Fedora events are the source of marketing, learning and meeting all the fellow community people around you. So, please mark your agenda with the following events to consider attending or volunteering near you!

Upcoming Events (December 2009 to February 2010)

  • North America (NA)[1]
  • Central & South America (LATAM) [2]
  • Europe, Middle East, and Africa (EMEA)[3]
  • India, Asia, Australia (India/APJ)[4]

Related Events

RHCE Loopback in Washington, DC

On Thursday, February 25, 2010, Red Hat will hold a free, informal conference for RHCEs, offering information sharing on a variety of topics at Busboys and Poets on 14th Street. Complimentary dinner will be served, and more details are available[1].

Past Events

Archive of Past Fedora Events[1]

Additional information

  • Reimbursements -- reimbursement guidelines.
  • Budget -- budget for the current quarter (as distributed by FAMSCo).
  • Sponsorship -- how decisions are made to subsidize travel by community members.
  • Organization -- event organization, budget information, and regional responsibility.
  • Event reports -- guidelines and suggestions.
  • LinuxEvents -- a collection of calendars of Linux events.

Planet Fedora

In this section, we cover the highlights of Planet Fedora[1] - an aggregation of blogs from Fedora contributors worldwide. This edition covers highlights from the past three weeks.

Contributing Writer: Adam Batkin

General

Daniel Berrange explained[1] how libvirt deals with different CPU models and passing on their capabilities to guests. "Every hypervisor has its own policies for what a guest will see for its CPUs by default, Xen just passes through the host CPU, with QEMU/KVM the guest sees a generic model called "qemu32" or "qemu64". VMWare does something more advanced, classifying all physical CPUs into a handful of groups and has one baseline CPU model for each group that’s exposed to the guest...libvirt does not like to enforce policy itself, preferring just to provide the mechanism on which the higher layers define their own desired policy...In the 0.7.5 release that will be in Fedora 13, there is finally a comprehensive mechanism for controlling guest CPUs."

Nicu Buceli displayed[2] the different concepts for Fedora 13 artwork.

John Poelstra discussed[3] the value of having a target audience for Fedora, as well as concerns with stagnant download numbers for the distribution.

Stephen Smoogen looked at[4] and its many different target audiences. "Looking through the long conversations, it is clear that some people are talking about Fedora the distribution, others are talking about Fedora the community, Fedora the websites, Fedora the desktop, or even Fedora the hat. Very few people go into what they are talking about and everyone seems to assume that the other person knows exactly what is going on in their heads."

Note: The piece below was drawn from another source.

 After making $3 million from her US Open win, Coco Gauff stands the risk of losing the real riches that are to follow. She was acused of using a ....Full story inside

Máirín Duffy revamped[5] the authconfig-gtk/system-config-authentication dialog, described as "a box of chocolates GUI, meaning 'you never know what you’re going to get'" since, among other issues, it "allows you to check off as many and whatever identity and authentication methods you desire, even if the combinations make no sense."

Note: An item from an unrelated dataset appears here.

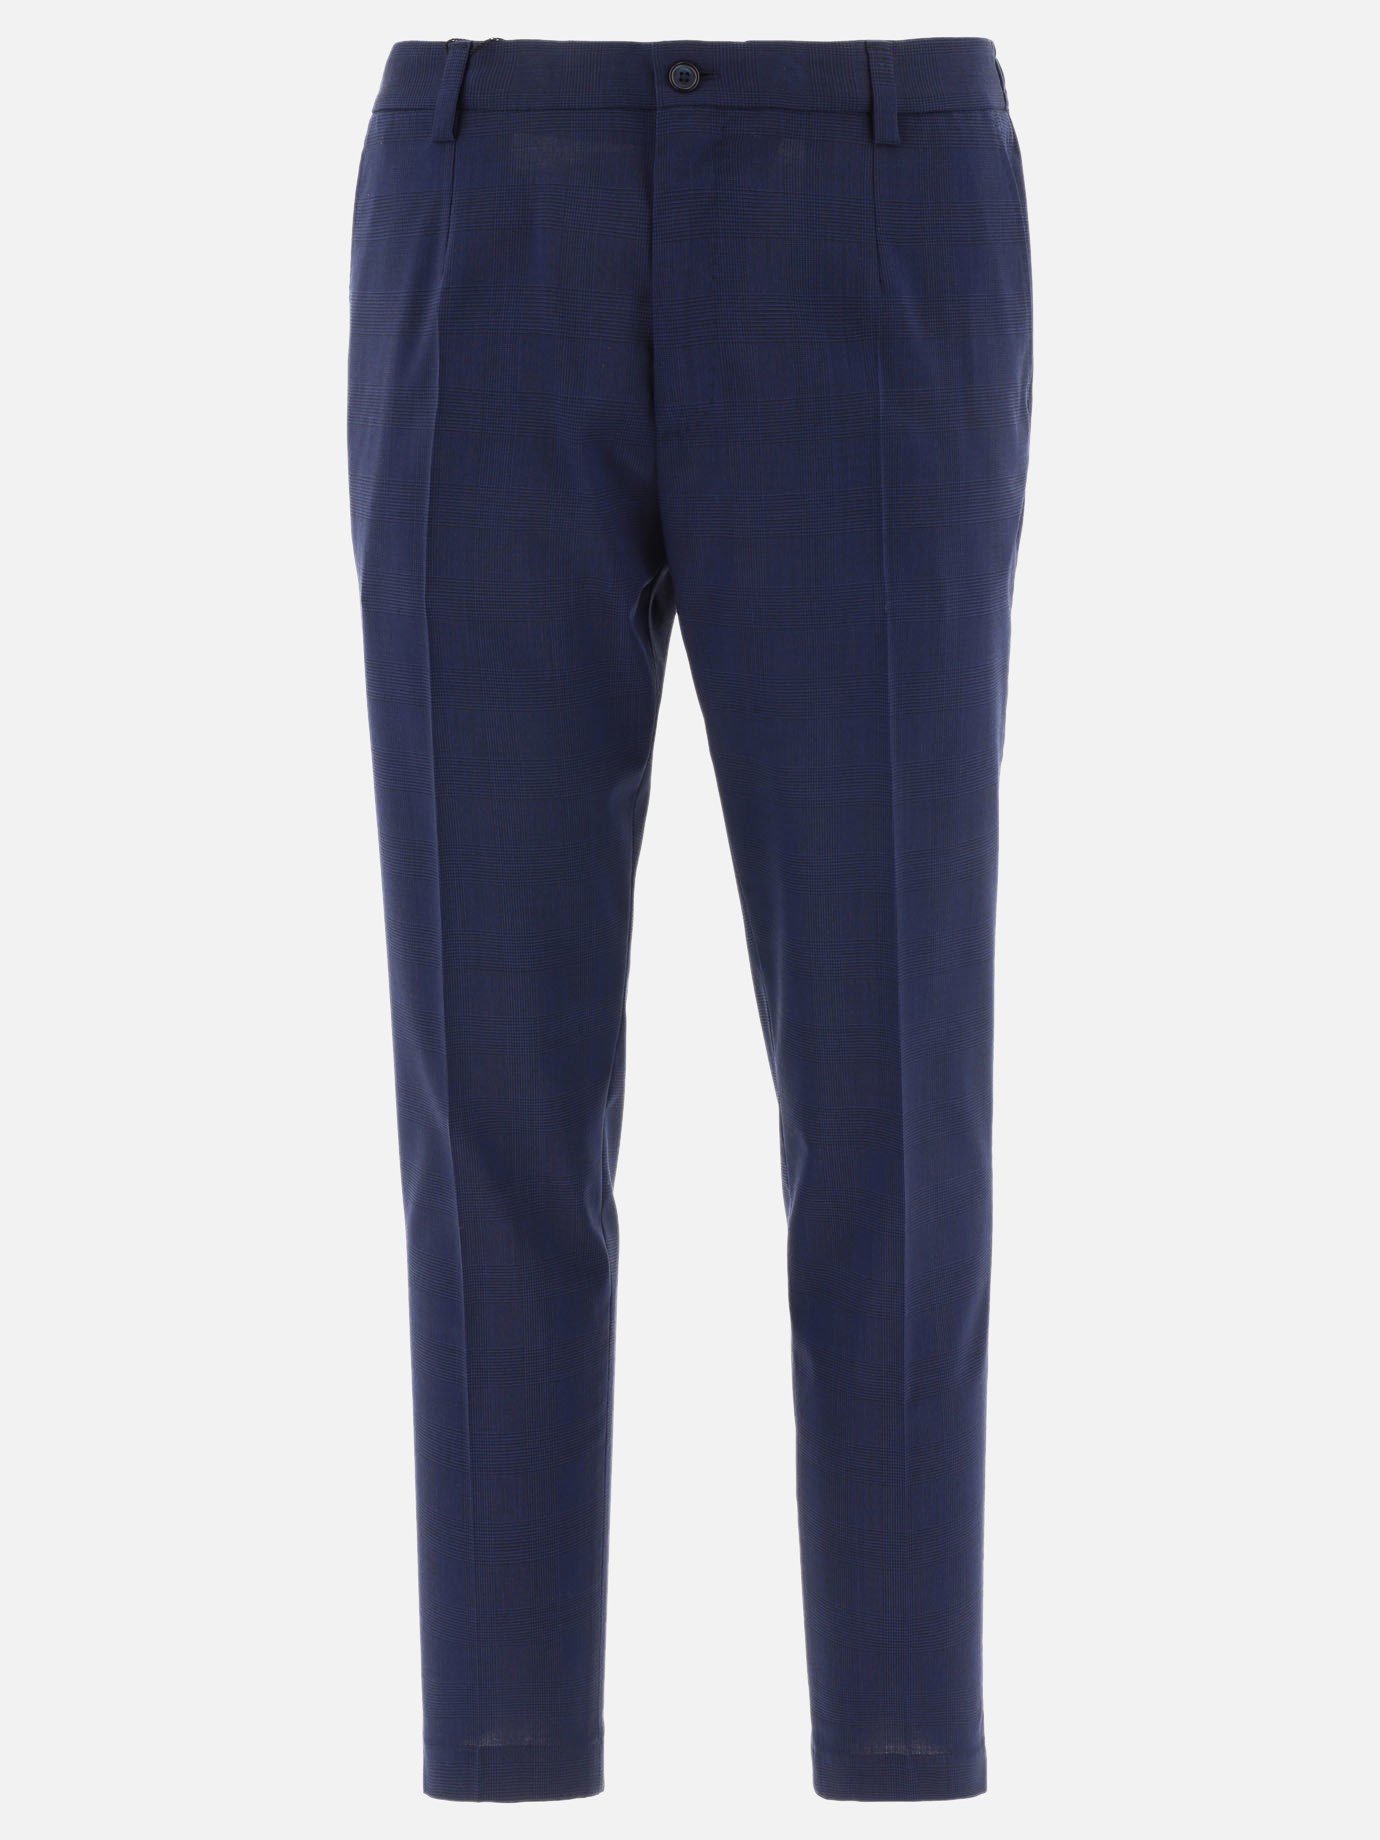 Stretch wool trousers by Dolce & Gabbana

Mark J Cox disclosed[6] some interesting statistics for security flaws in Red Hat Enterprise Linux. "During the creation and review of the list we spent some time to see how closely last years list matched the types of flaws we deal with at Red Hat. We first looked at all the issues that Red Hat fixed across our entire product portfolio in the 2009 calendar year and filtered out those that had the highest severity. All our 2009 vulnerabilities have CVSS scores, so we filtered on those that have a CVSS base score of 7.0 or above."

Charles Brej described[7] how you can update your system BIOS without having to use Windows or a USB stick.

Josh Bressers examined[8] an MSDN Blogs post titled "Microsoft's Many Eyeballs and the Security Development Lifecycle". Josh concludes "The original article I'm mostly disagreeing with here concludes with the usual old data that Microsoft releases fewer security advisories than Open Source does. This is of course a red herring meant to distract the reader. They've been caught multiple times only releasing one advisory for multiple flaws. With closed source, there isn't a good way to tell what's all getting fixed. In Open Source, we can't hide anything, it's all there. This keeps us honest."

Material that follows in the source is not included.